If we don’t have a UPS, the power generator can feed power directly to the building’s electrical distribution.  This isn’t a good idea because if the generator fails or takes time to start up, then our systems will stop operating.

The generator requires regular maintenance and testing.


  • Power Distribution Units (PDUs) – Finally, to avoid any single point of failure, it is important to select network devices and servers with redundant power supplies.  If we have two UPSs, we connect one power cord from each device to the first UPS, and we connect the second power cord to the second UPS.  That way, if a UPS fails, the devices continue to receive power.  Most devices with dual power supplies offer power supplies that are hot swappable.  Electronics use power that is DC (Direct Current), while a UPS or municipal power supply provides power in AC (Alternating Current).  An electronic device will contain an adapter that converts from AC to DC.  This adapter may fail during operation.  When it is hot swappable, it can be replaced even while the device is powered on.

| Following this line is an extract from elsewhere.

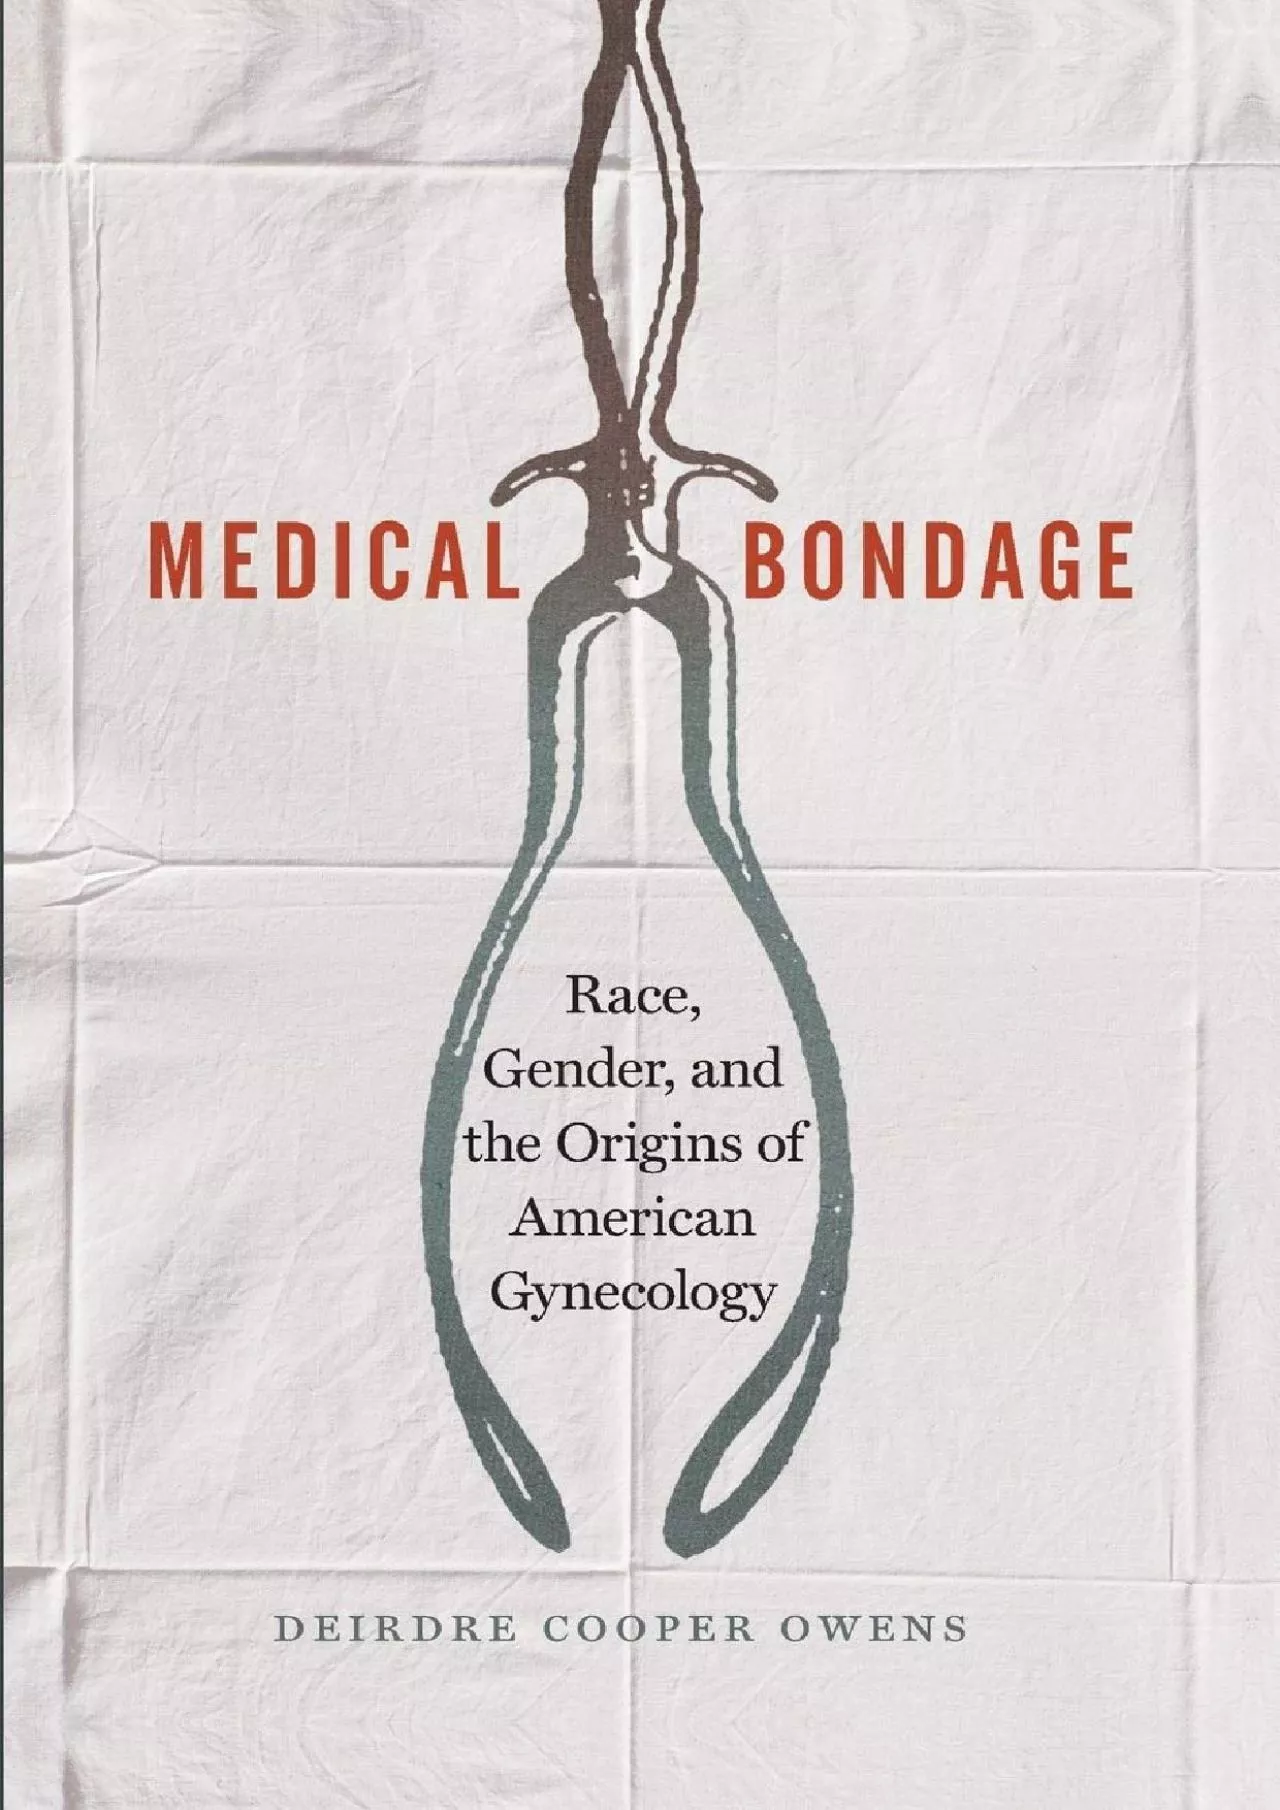 (DOWNLOAD)-Medical Bondage: Race, Gender, and the Origins of American Gynecology

    In a data center with hundreds of devices, it can become difficult to identify which plug goes to which power supply.  As a result, manufacturers produce power cables in different colors such as red, green, and yellow.  You can use these cables to tell different circuits apart.  You can also use them to color code different types of devices such as routers, switches, firewalls, etc..

    A Managed PDU can be connected to our network.  Some features of a managed PDU

  • We can remotely activate or deactivate an outlet.  This allows us to remotely reboot a connected device that is not responding.

  • We can determine whether an outlet is functioning, and how much power it is drawing.

Replication

I mentioned storage appliances earlier.  A Storage Area Network uses some of the same principles as an ethernet network.  A server might connect to both a normal ethernet network (for communicating with users) and a storage area network (for communicating with the storage appliances).

Some concepts

  • A Host Bus Adapter or HBA is like a network interface card.  It connects the server to the storage area network.  The HBA operates on the first layer, known as the Host Layer.

  • A SAN Switch is like an ethernet switch, but it forwards traffic between devices on the storage are network

  • We call the SAN network devices (switches, routers, and cables) the fabric

  • Each device in the SAN has a hardcoded World-Wide Name (WWN) which is like a MAC address in the ethernet world.  The switch uses the WWN to route traffic between devices.  The switch operates on the second layer, known as the Fabric Layer.

  • Switches and HBAs don’t understand what files are.  They only see data moving as “blocks”, or groups of 0’s and 1’s.

  • SAN networks can operate over copper or fiber links

  • The third layer is known as the Storage Layer.

  • Each storage appliance is assigned a unique LUN or Logical Unit Number.  A storage appliance is a box of hard disk drives.  We can subdivide a storage appliance into multiple partitions and assign each partition a unique LUN.

  • Each server (or device that can read from or write to a storage appliance) is assigned a LUN.

  • We can use the LUN to restrict access from specific servers to specific storage locations.  The storage appliance maintains an access control list, which determines (on a LUN by LUN basis) which devices can access each of the storage appliance’s LUNs.

There are many network protocols that can be used for communicating over a SAN

  • FCoE or Fiber Channel over Ethernet

  • Fiber Channel Protocol

  • iSCSI

  • SCSI RDMA Protocol

The SAN does not provide “file level” storage, only “block level” storage.  That is, a server can’t call up the storage appliance and say something like “give me the file called DraftProposal.docx”, because the storage appliance doesn’t know what files are. 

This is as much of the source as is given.